Sunday, August 21, 2011

Moose Brains

Those who know me may have heard rumors of moose brains...


Retrieved from: http://www.animalpictures.tk/wp-content/uploads/pictures/moose-843.jpg
The rumors are true!!!!!!!!!!!!!!!!!!!!!!!!!!!!!!!!!!!!!!!

This semester I am studying Biological Bases of Behavior. My assigned topic is anatomy of the nervous system. However, studying anatomy in 2D is futile. So, my hunting hook-ups are bringing me a moose brain. Moose hunting season opened on August 20th, 2011. My moose brain will be delivered August 21st, 2011. Stay tuned for pictures and anatomical insights...

You may wonder if moose brains are anything like human brains. I wonder that too. However, Dr. Jill assures me that mammalian brains are pretty similar. Dr. Jill is a brain scientist who survived a stroke and wrote a book about her experience. Very cool stuff.

Dr. Jill says, "The portion of our brain that separates us from all other mammals is the outer undulated and convoluted cerebral cortex. Although other mammals do have a cerebral cortex, the human cortex has approximately twice the thickness and is believed to have twice the function (p. 15)."

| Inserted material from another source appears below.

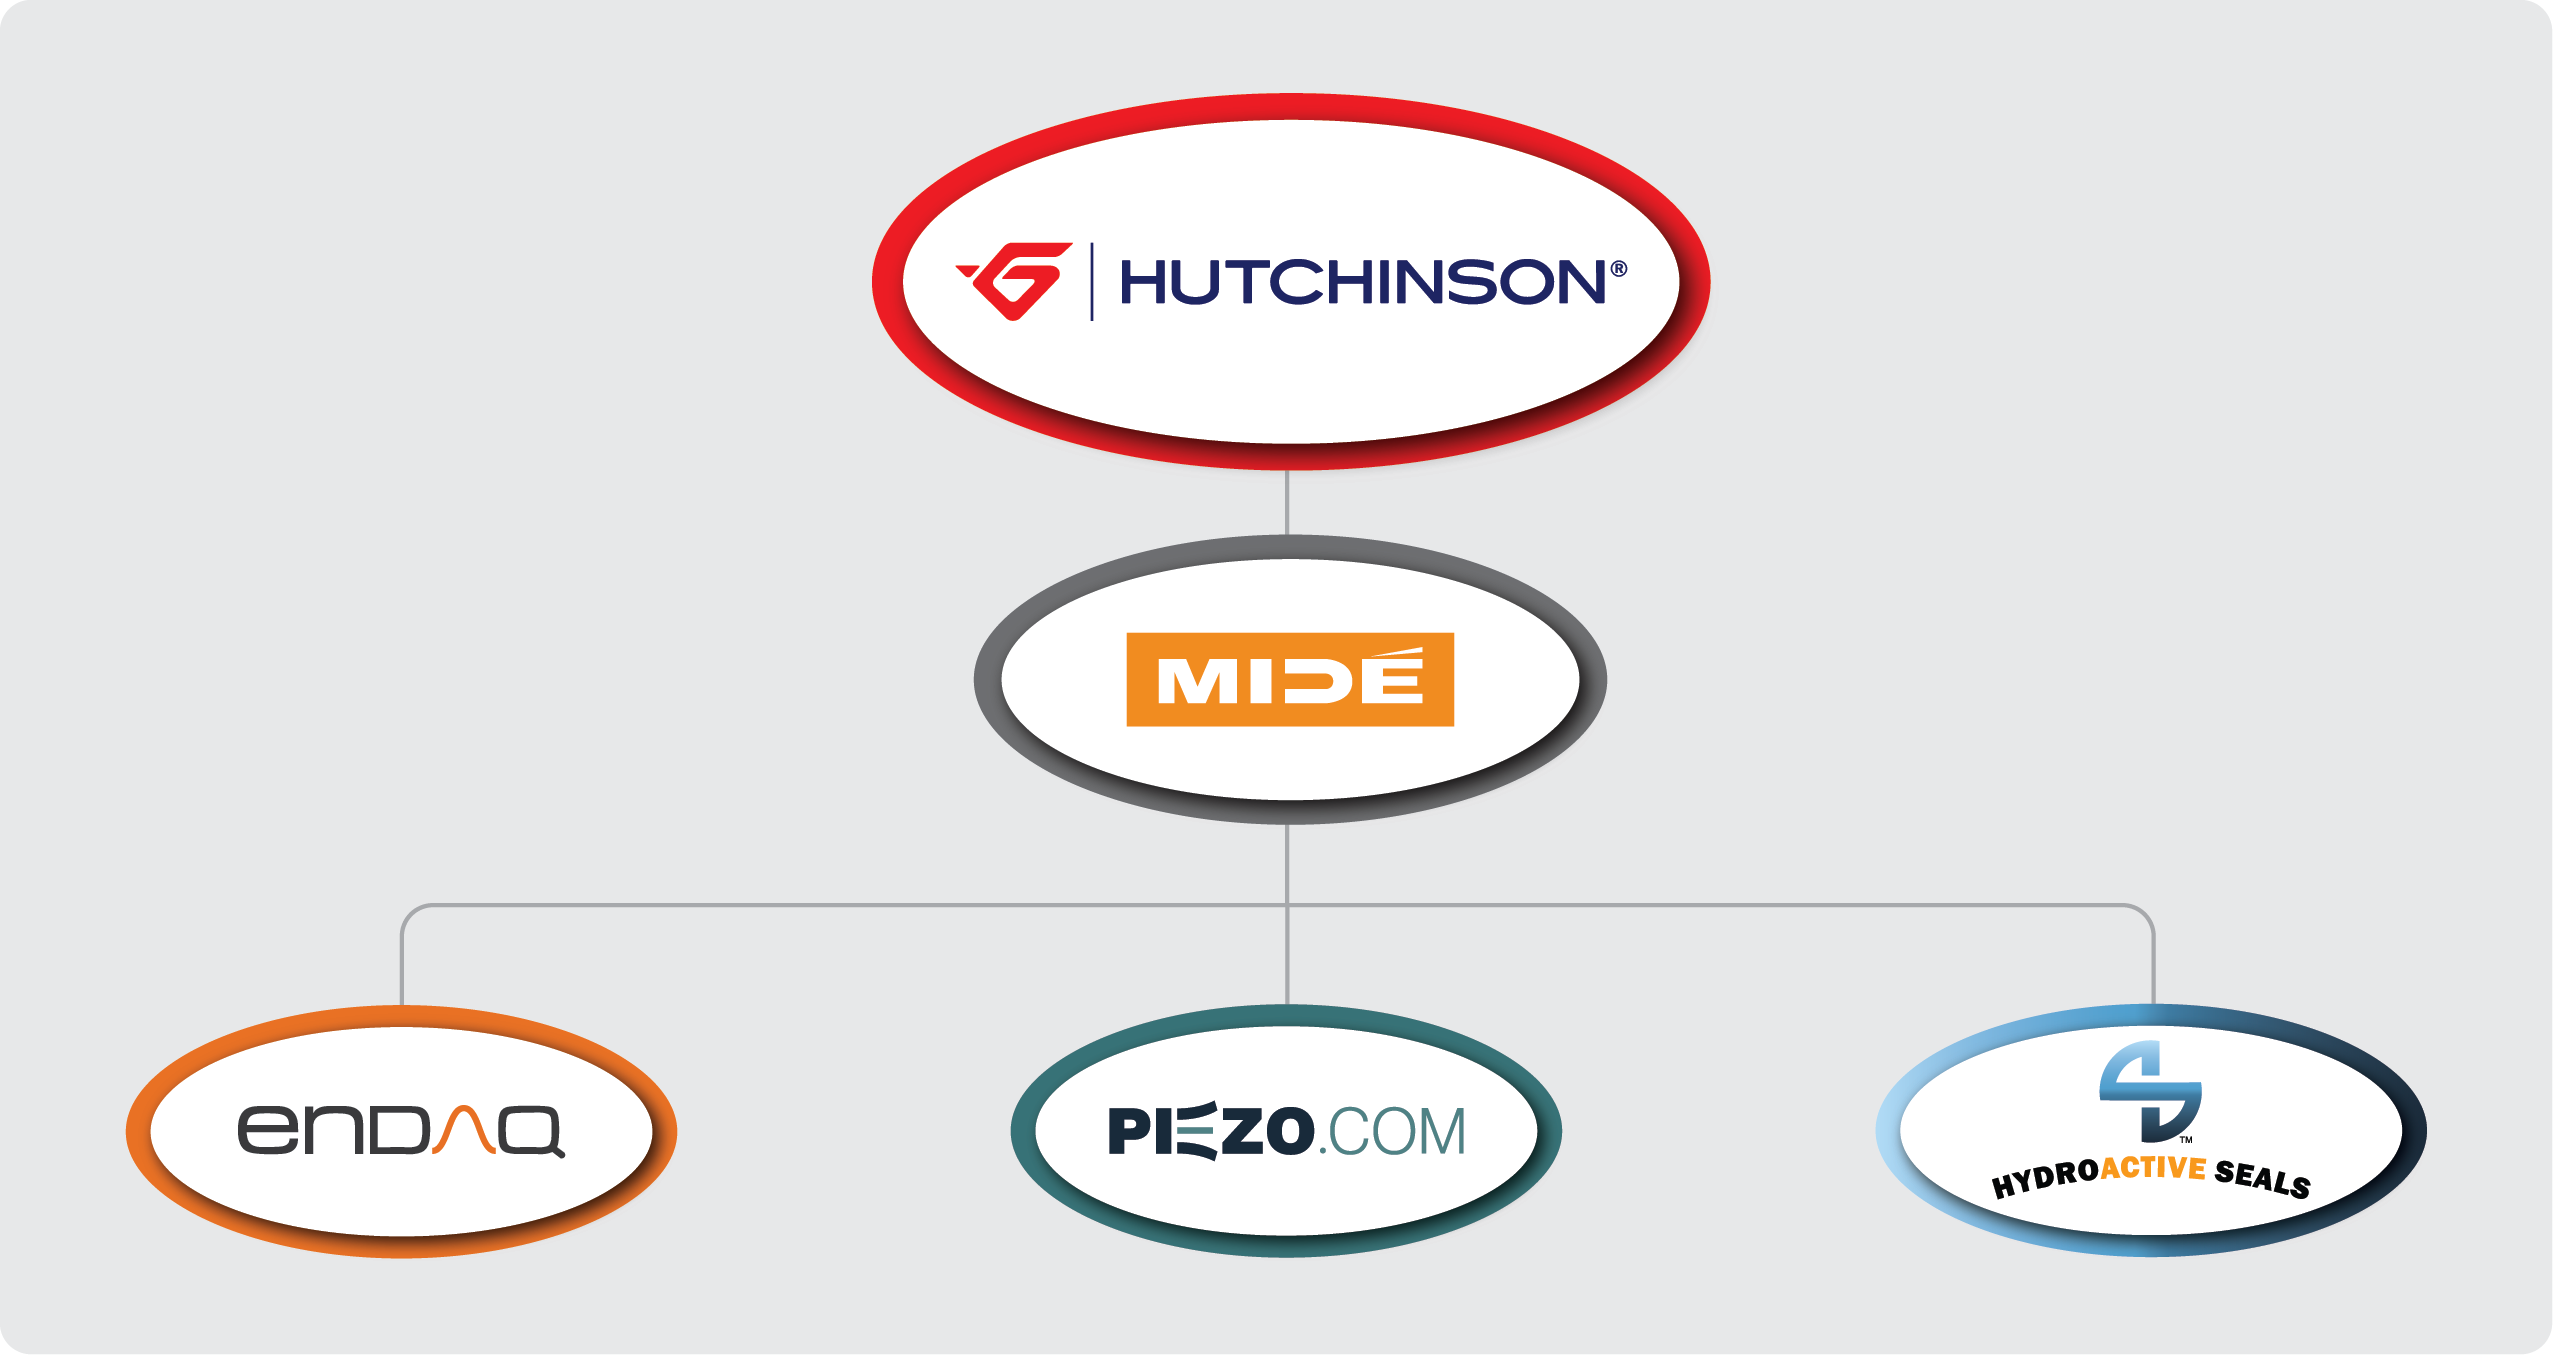 Hutchinson-Mide-Brands-hierachy-2021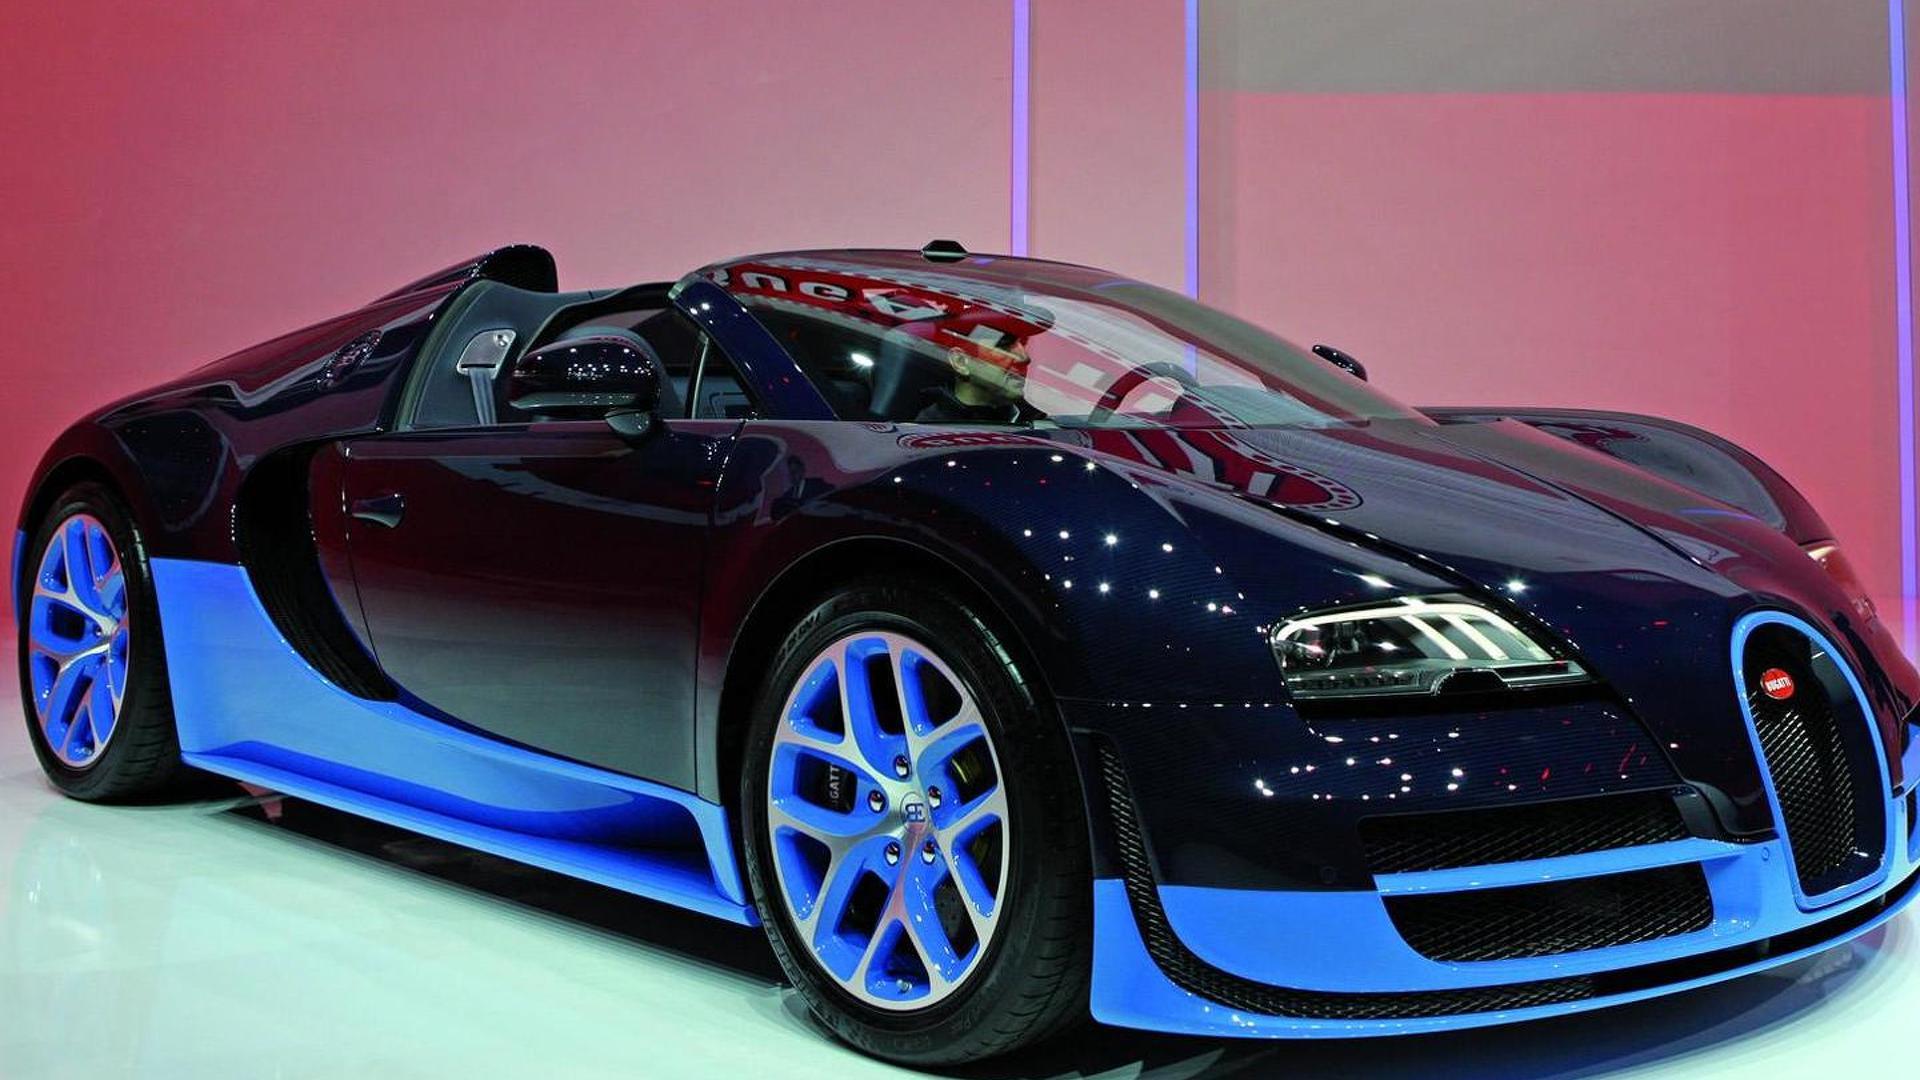 bugatti veyron grand sport vitesse takes a bow. Black Bedroom Furniture Sets. Home Design Ideas

Human cerebral cortex; Retrieved from: http://farm3.static.flickr.com/2012/1971826491_601f359b84.jpg
Dr. Jill says some other really interesting things. Of course being a stroke survivor, she says everyone should know the

WARNING SIGNS OF STROKE:

S = SPEECH, or any problems with language.
T = TINGLING, or any numbness in the body.
R = REMEMBER, or any problems with memory.
O = OFF BALANCE, problems with coordination.
K = KILLER HEADACHE.
E = EYES, or any problems with vision.

STROKE is a medical emergency. Call 9-1-1. 

Take care of yourself and your big, bad, beautiful brain!